There is a long chart of don'ts that goes on for pages of fine print. One prohibits "spectator events and crowds", meaning 3 or more people, and seems to include church as a "spectator event." I told John they were probably afraid that someone might attend a snake-handling church.
I think John and I aren't yet together on how much parental (that is, cooking, cleaning and cash) care he will continue to need for a while. I can't say I blame him. Chemotherapy was probably less painful than living under the supervision of even someone as enlightened, caring and open-minded as me. I hope he doesn't happen to read this entry.
During class, we learned that John shouldn't have his teeth cleaned until May at the earliest. If he actually has to have dental care, a cross-country consultation of epic proportions will occur.
The list of chronic GVHD symptoms could have been read from some Poe novel, and half the patients develop one or more. Debbie started to slide down in her chair about half-way through the reading and since this blog could be seen by those of a tender age or fragile stomach, I won't offer the highlights. Even the list of things that could cause reactions is simply too long to relate. Just the rosy glow of a bit of sun could send "us" back to the hospital and set John back a long way.
One of the subtle things that occurs with some number of transplant patients is a change in skin color. Sometimes it fades and sometimes they will always have a "grey" sort of tan about them. I see it at least for now.

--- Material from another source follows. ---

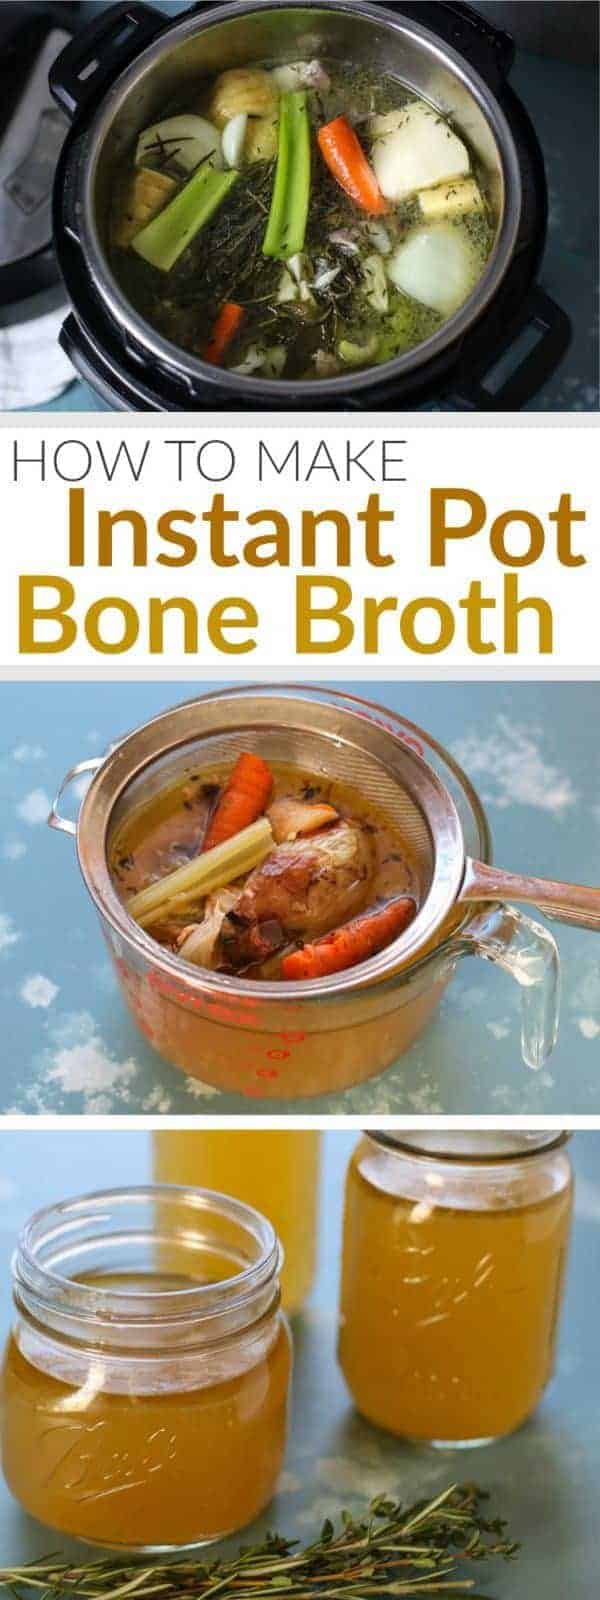 pinterest image for how to make instant pot bone broth

Of more concern to John than me is that GVHD sometimes causes hair loss. Unlike that which is cause by chemo, this kind is permanent. When John was young, I told him that his hair was his to do with as he wanted as long as he had it. Irony, I think, is the dark matter that the cosmologists search for to make the universe add up.
Talking about side effects and for anyone who might be in a family with a similar circumstance, there won't ever be another from my line to bear the name Cadenhead. I'm OK with that. We have more than enough people, good and bad, in this world as it is. I think John will be too, though he may not have focused on such questions yet. Besides, there are now adopted Cadenheads from all over the world, so he has more good examples than most to look to in what I hope will be a long life ahead.
I need to think about how to address it, but sometime soon it might be worth passing on some of the ups and free-fall downs that come with 21st Century families in sur-reality settings like ours. All this is a family disease and far too many suffer. Still, the sunset leaves a trail of stars and a promise for tomorrow, with the chance to make something more of it.
Shelley was more poetic, but no less pathetic. Still, there remains hope, tomorrow and life. GOOD night, for now.